Hello, I am facing difficulties in flattening and ...
# troubleshooting
t
Hello, I am facing difficulties in flattening and transforming json records from kafka. This is the structure of the json record
Copy code
{
  "event_name": "abcd",
  "event_type": "",
  "version": "v1",
  "write_key": "",
  "properties": {
    "status_code": "some_code",
    "status": "some_status",
    "mode": "some_mode"
  },
  "event_timestamp": 1616157914,
  "mode": "live"
}
And my schema looks like this
Copy code
"mode": "string",
"request_failure": "INT"
I want to define the
mode
columns as
$.properties.mode
, which is just simple json flattening, From the docs, I was not able to understand the correct syntax for
jsonPathString
to use in the tableConfig.
And the
request_failure
column is a derived column based on
$.properties.status
. I got to know after reading docs that chaining transformations isn’t supported in pinot, So I can’t define a column
status = $.properties.status_code
and then use it to define the other columns as
request_failure = if(status == 'created', 1, 0)
. So I think, I need to write a groovy script to extract the value from nested json and apply the if/else logic. But to extract a value from nested json, I would have to import json slurper in groovy(not so familiar with groovy, but this is what I found on SOF/internet to parse json in groovy). So my question here is, does pinot support import statements in the groovy script? If not, how can I achieve this transformation in pinot?
To give context around the use case, this use-case is currently onboarded to druid and then alerts are setup in thirdeye on top of the datasource in druid. We were facing issues with query response time because of one column. So we are trying to migrate the datasource to pinot and then try out star tree indexing with a hope that we would see much better performance. As of now, we are facing issues in migrating the datasource from druid to pinot(All the required transformations are supported in druid).

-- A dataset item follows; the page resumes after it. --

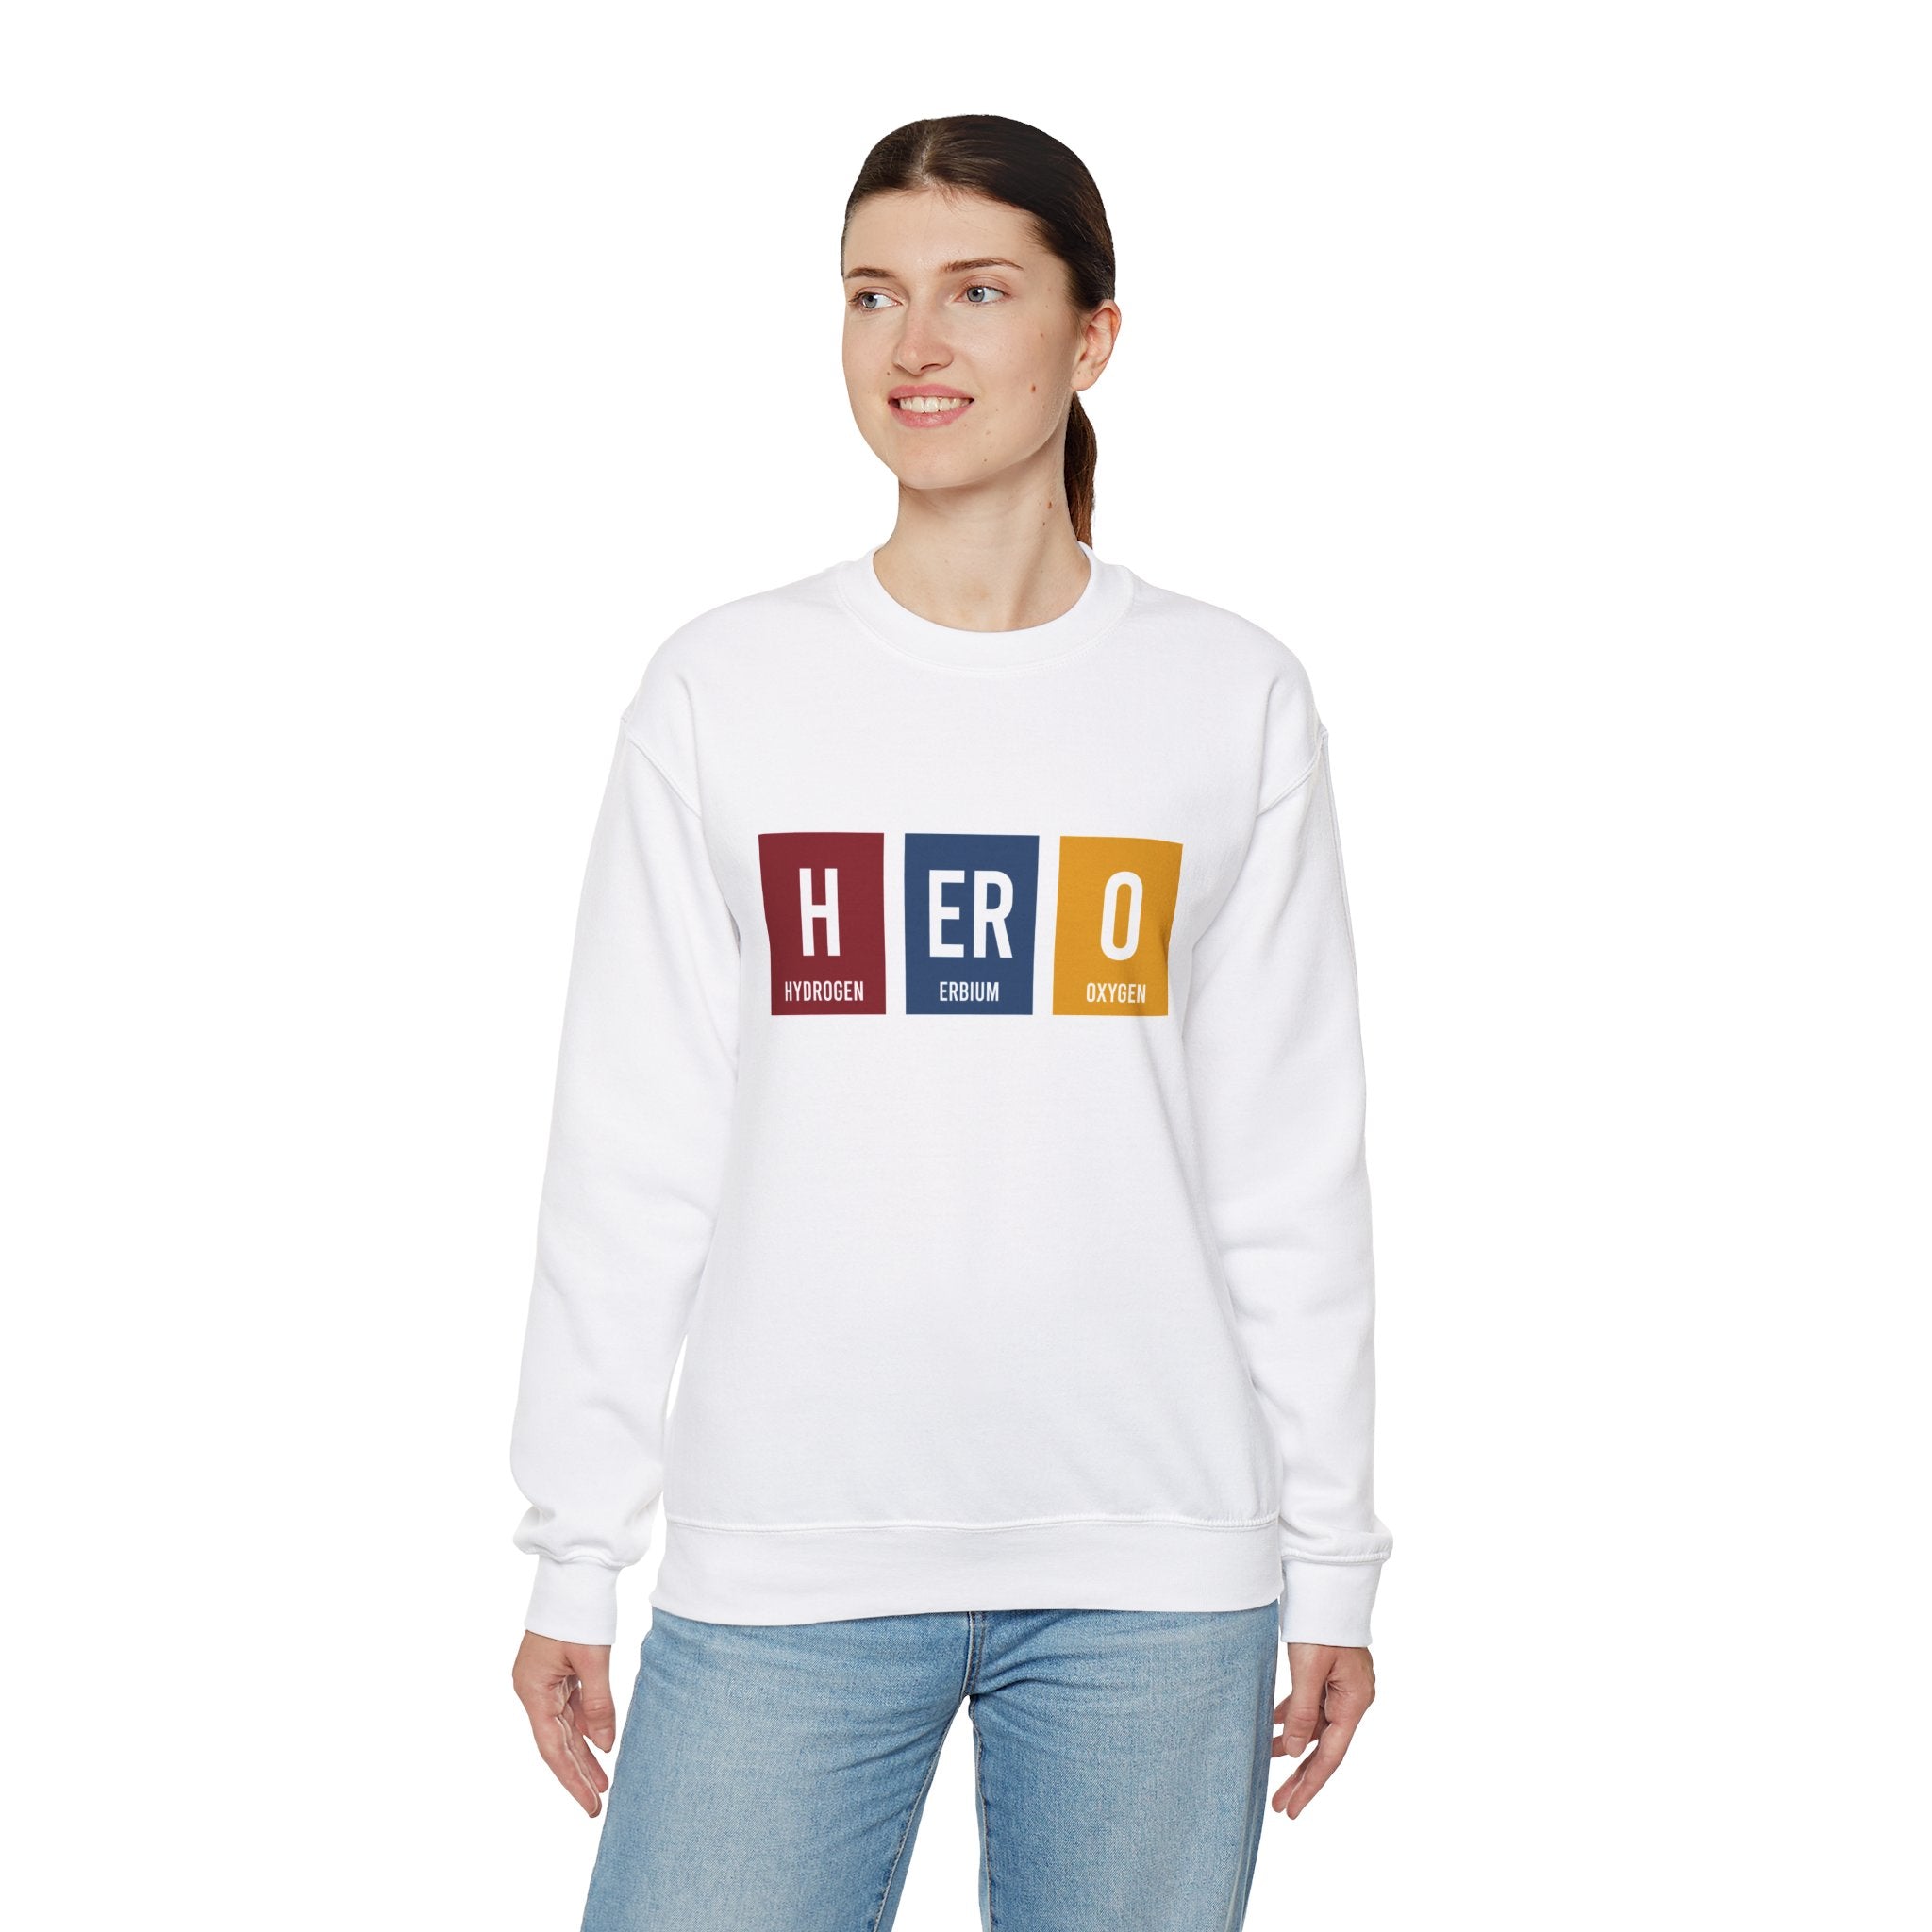 A person wearing a HERO - Sweatshirt designed sweatshirt featuring the text "HERO" spelled using periodic table elements: Hydrogen (H), Erbium (Er), and Oxygen (O). The comfortable sweatshirt blends warmth and style, perfect for making winters warmer. They have a neutral facial expression.

Do let me know, if more info is required.
@Neha Pawar
We are running the image with
latest
tag.
n
Chaining is supported now
t
Great!! Then it would be straightforward ig. Can you help me with the syntax here https://apache-pinot.slack.com/archives/C011C9JHN7R/p1616381314085700?thread_ts=1616381204.085500&cid=C011C9JHN7R
And also I am trying to apply
filterConfig
, but it isn’t working. Here is my tableConfig
Copy code
{
  "tableName": "x_fts_merchant_events_REALTIME",
  "tableType": "REALTIME",
  "segmentsConfig": {
    "schemaName": "x_fts_merchant_events_dimensions",
    "timeColumnName": "event_timestamp",
    "timeType": "MILLISECONDS",
    "replicasPerPartition": "1",
    "retentionTimeValue": "1",
    "retentionTimeUnit": "DAYS",
    "segmentAssignmentStrategy": "BalanceNumSegmentAssignmentStrategy"
  },
  "tenants": {
    "broker": "DefaultTenant",
    "server": "DefaultTenant"
  },
  "tableIndexConfig": {
    "streamConfigs": {
      "streamType": "kafka",
      "stream.kafka.consumer.type": "LowLevel",
      "stream.kafka.topic.name": "x-fts-events-kafka",
      "stream.kafka.decoder.class.name": "org.apache.pinot.plugin.stream.kafka.KafkaJSONMessageDecoder",
      "stream.kafka.consumer.factory.class.name": "org.apache.pinot.plugin.stream.kafka20.KafkaConsumerFactory",
      "stream.kafka.broker.list": "kafka-kafka-bootstrap.kafka.svc.cluster.local:9092",
      "stream.kafka.consumer.prop.auto.offset.reset": "smallest"
    },
    "loadMode": "MMAP"
  },
  "metadata": {},
  "ingestionConfig": {
    "filterConfig": {
      "filterFunction": "Groovy({event_name == 'abc'}, event_name)"
    }
  }
}
n
"transformFunction": "jsonPathString(properties, '$.mode')"
this demo also uses it:

https://youtu.be/L5b_OJVOJKo?t=2514

filter config looks right, it should work
why do you think it’s not working? are you still seeing event_name ‘abc’ in the ingested data?
t
Yes. I created two tables, with and without filterConfig. In the table without filter config I am able to see the record. But not in the table with filter config.
are you still seeing event_name ‘abc’ in the ingested data?
Not able to see this. Ideally, I should be able to.
n
the way you’ve added the filter config, “abc” will be filtered out. That means it wont be included in the data
t
Oh!. I thought if the condition is satisfied, then the record would not be skipped(this was the case in druid, so..). My bad. Will update the filter and try it again.
Chaining is supported now
Just to confirm. I first extract the field from json using inbuilt function, then I can use groovy to derive a field from the extracted column, correct?
n
Correct, should be supported in the latest. Was added about a month back
t
I think the image was pulled 5 days ago. Will try these and update the thread. Thanks Neha!
n
Cool 👍
t
One more question, when chaining transformations, do the intermediate columns have to be present in the schema? Is it possible to just use them in other transformations and exclude them from schema?
n
Hmm, they will have to be in the schema.
k
Chaining transform function is supported
t
All the suggestions worked. Thanks!!!
n
Great! :)